The correct answer information includes a keyword list composed of a list of at least one word for one of the correct answer sentences in the correct answer sentence list, and the keyword list includes words extracted from the one correct answer sentence and words. Contains at least one of the synonyms or homophones corresponding to the extracted words as a keyword.
The scoring support unit is a part of a keyword and the voice recognition result for each keyword list set in advance for the correct answer sentence included in the correct answer sentence list or created from the correct answer sentence included in the correct answer sentence list.
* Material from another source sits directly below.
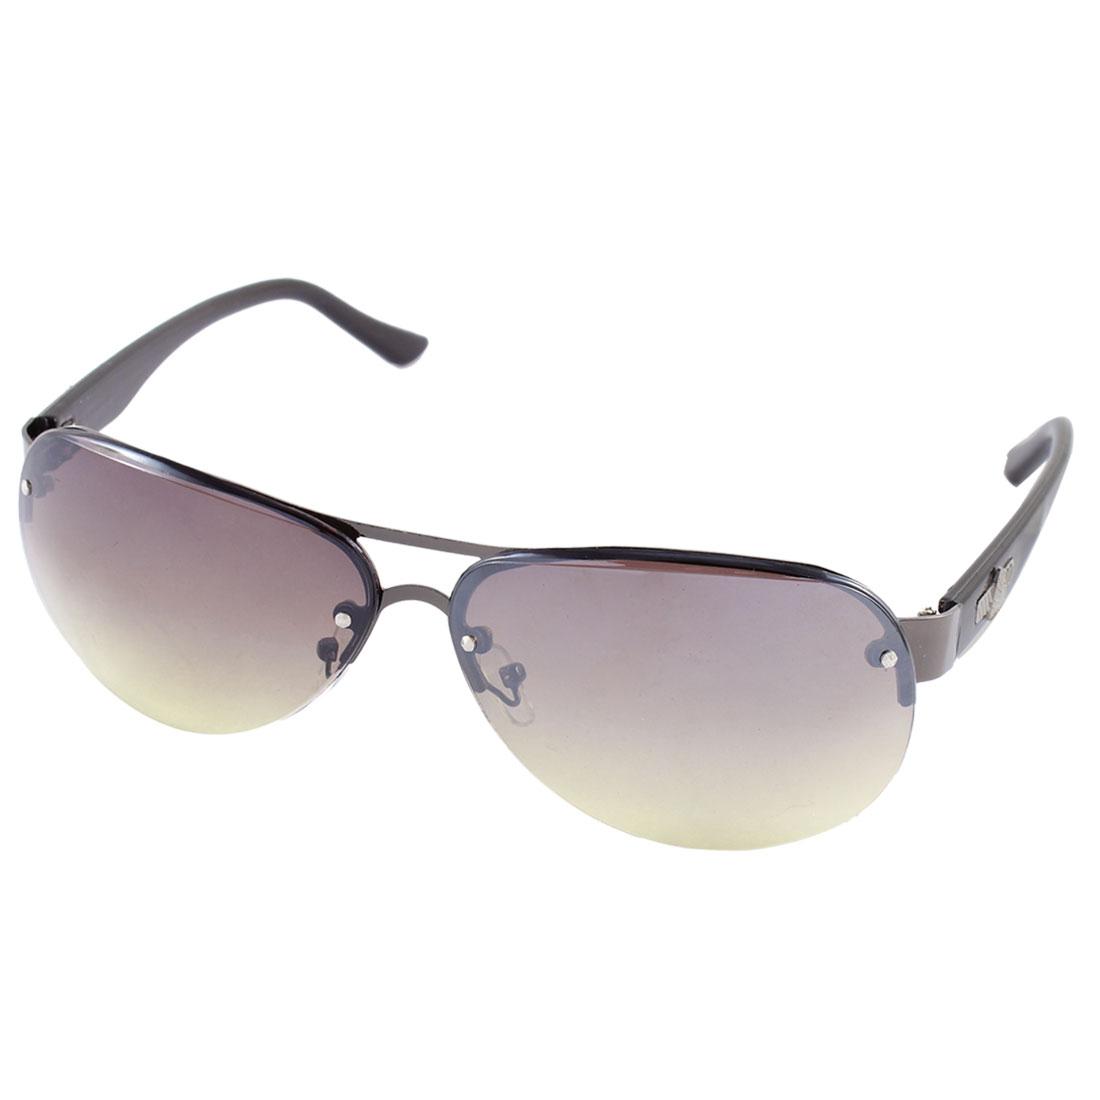 Unisex Plastic Half Rim Sunglasses Outdoor Driving Eyewear Protector
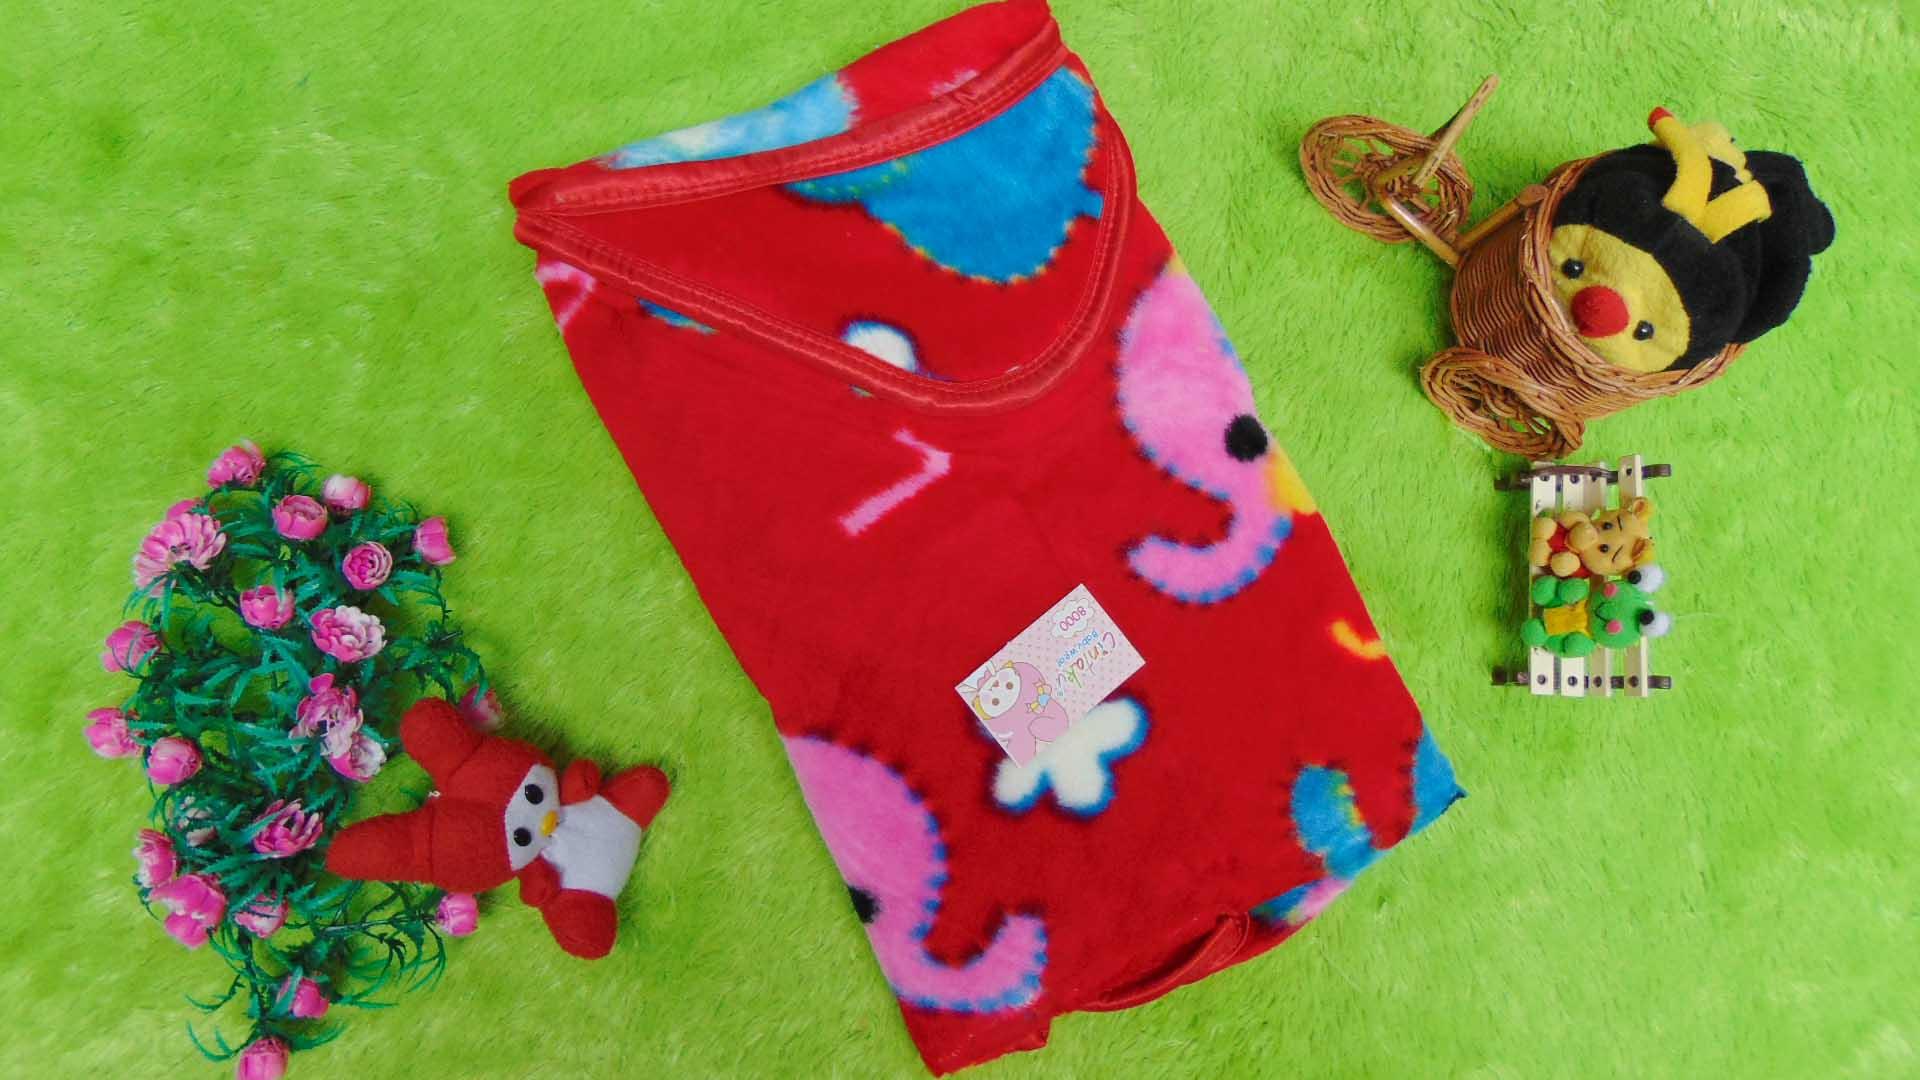 kado bayi selimut bayi bulu topi selimut bepergian bayi bludru lembut motif gajah merah 40 bahan lembut cocok sebagai pelindung bayi ketika bepergian

Find an evaluation based on one or more of matches, exact matches, prefix matches, and suffix matches,
Scoring support device.

The scoring support device according to claim 6.
The keyword list of the correct answer information is a list including information in the order of appearance of the keywords in one correct answer sentence.
The scoring support unit evaluates the matching rate of the voice recognition result and the keyword with respect to the appearance order of the keyword for each keyword list of the correct answer information.
Scoring support device.

The scoring support device according to claim 6 or 7.
The keyword has at least one predetermined linguistic attribute.
Scoring support device.

A scoring support device according to any one of claims 6 to 8.
Includes an answer sentence keyword creation unit that extracts keywords from the voice recognition result and creates an answer sentence keyword list.
The scoring support unit requests an evaluation based on the answer sentence keyword and the keyword list of the correct answer information.
Scoring support device.

A scoring support device according to any one of claims 1 to 5.
The scoring support unit requests an evaluation in which the correct answer information and the voice recognition result are collated in character units, and the correct answer information is a correct answer sentence list or a keyword list.
Scoring support device.

A scoring support device according to any one of claims 1 to 5.
The correct answer information includes one or more regular expressions corresponding to the one correct answer sentence, and the scoring support unit requests matching between the correct answer information and the voice recognition result as an evaluation.
Scoring support device.

A scoring support device according to any one of claims 1 to 5.
The correct answer information is the correct answer sentence list.
Scoring support device.

A scoring support device according to any one of claims 1 to 12.
The scoring support unit allows a difference of the number of characters or less specified in advance in the evaluation of the correct answer information and the voice recognition result.
Scoring support device.

A scoring support device according to any one of claims 1 to 13.
The scoring support unit outputs the best evaluation among the obtained evaluations as an evaluation result.
Scoring support device.

A scoring support device according to any one of claims 1 to 14.
The scoring support unit classifies the obtained evaluation according to a predetermined classification table, and outputs the classification result as the evaluation result.
Scoring support device.

It includes a scoring support step for requesting the evaluation of the voice answer by using the voice recognition result of the voice answer to the question sentence and the correct answer information corresponding to the correct answer sentence list including at least one correct answer sentence corresponding to the question sentence.
Scoring support method.

A program for operating a computer as a scoring support device according to any one of claims 1 to 15.